Executing the executive
Until fairly recently, it seemed extremely unlikely that in Europe or North Americas authoritarianism would show a return as it has. One nation was known for having superstrong checks and balances tightly woven into the very fabric of its political institutions: the United States. But see here is a black swan: even there these checks and balances crumbled in the face of submissive parliamentary representatives, charismatic leadership brooking no resistance, legal bodies struggling and often falling to overturn executive decisions, public malfunctioning, media consumed as entertainment, academics focusing on issues peripheral to large majorities of the American electorate and massive public discontent.

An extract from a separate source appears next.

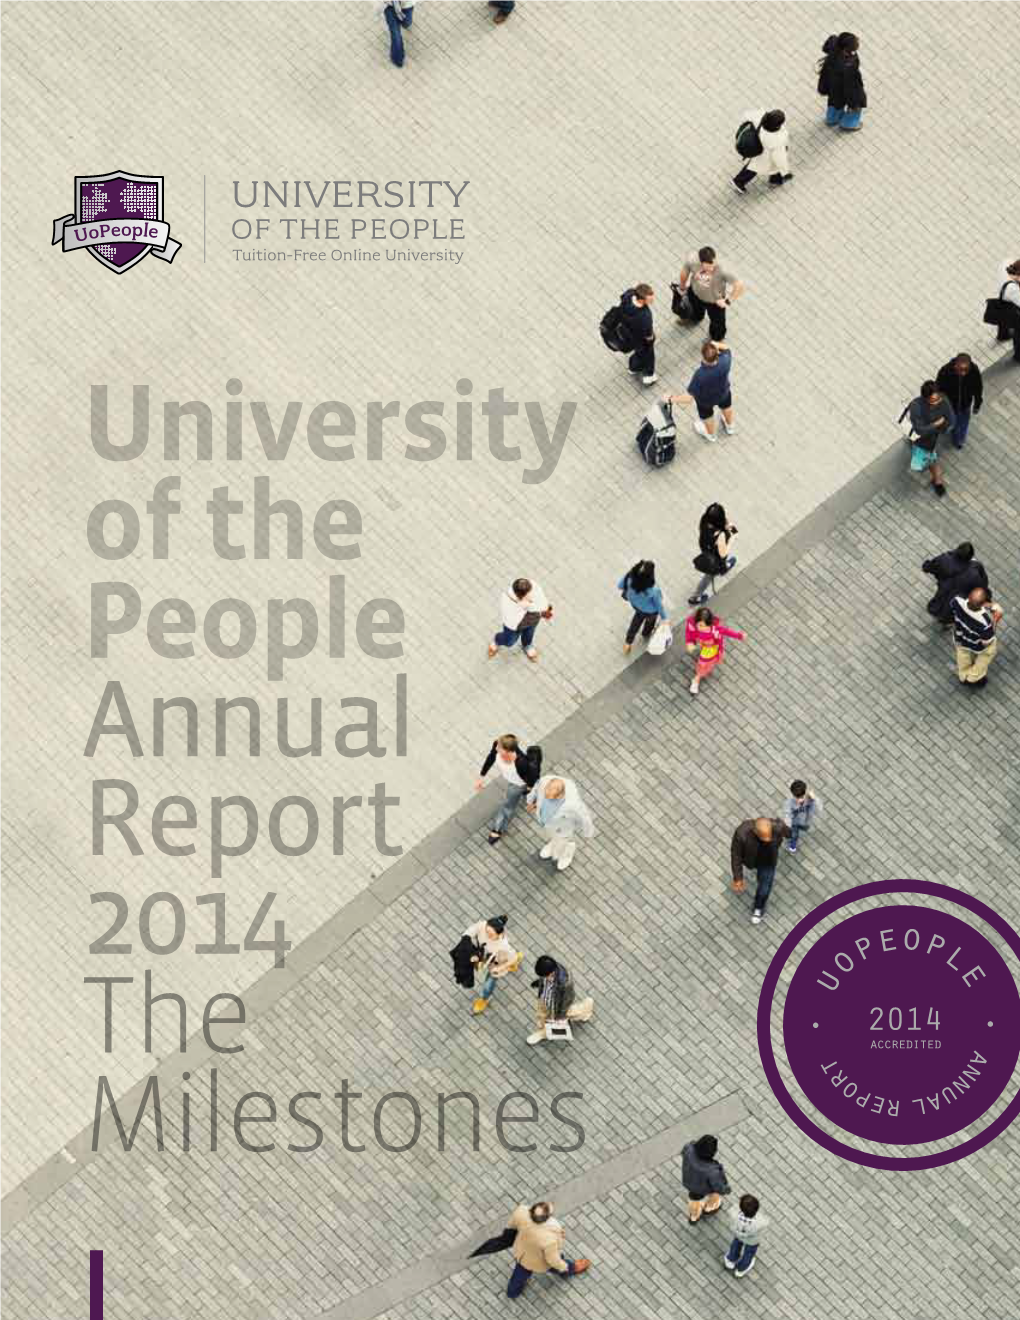 Uopeople Annual Report, 2014

Authoritarianism in its purest form implies that those who are in charge of the 'executive' also manage to control the 'legislative' and the 'judiciary' (as in the classical trias politica), and wield dominant influence inside the 'implementative' (bureaucracy), 'consultative' (advisors and lobbyist) and 'commentative' (various media channels), as in the modern sextas politica. The American presidency is well underway realising this, and so is the Hungarian. No existing political system in the world is immune to authoritarianism, and we can expect more to follow. The less people have faith in their political system and the more politicians are ready to disregard decency in handling structural and cultural rules of the democratic game, the faster it will succumb. Within the consultative and commentative powers, we academics have a vital role to play in breeding awareness and trust among citizens and consumers about a wide range of topics. Some call it breeding civic virtues. To perform that job successfully, we should realise that as soon as those same citizens and consumers are no longer convinced of their relevance to them, they will eventually strike back at us as voters and tax-payers with disdain and shrinking willingness to contribute to scientific research. This is no less than a logical consequence of us having turned away from them. It is not too late to turn back. We are worth our money, are we not?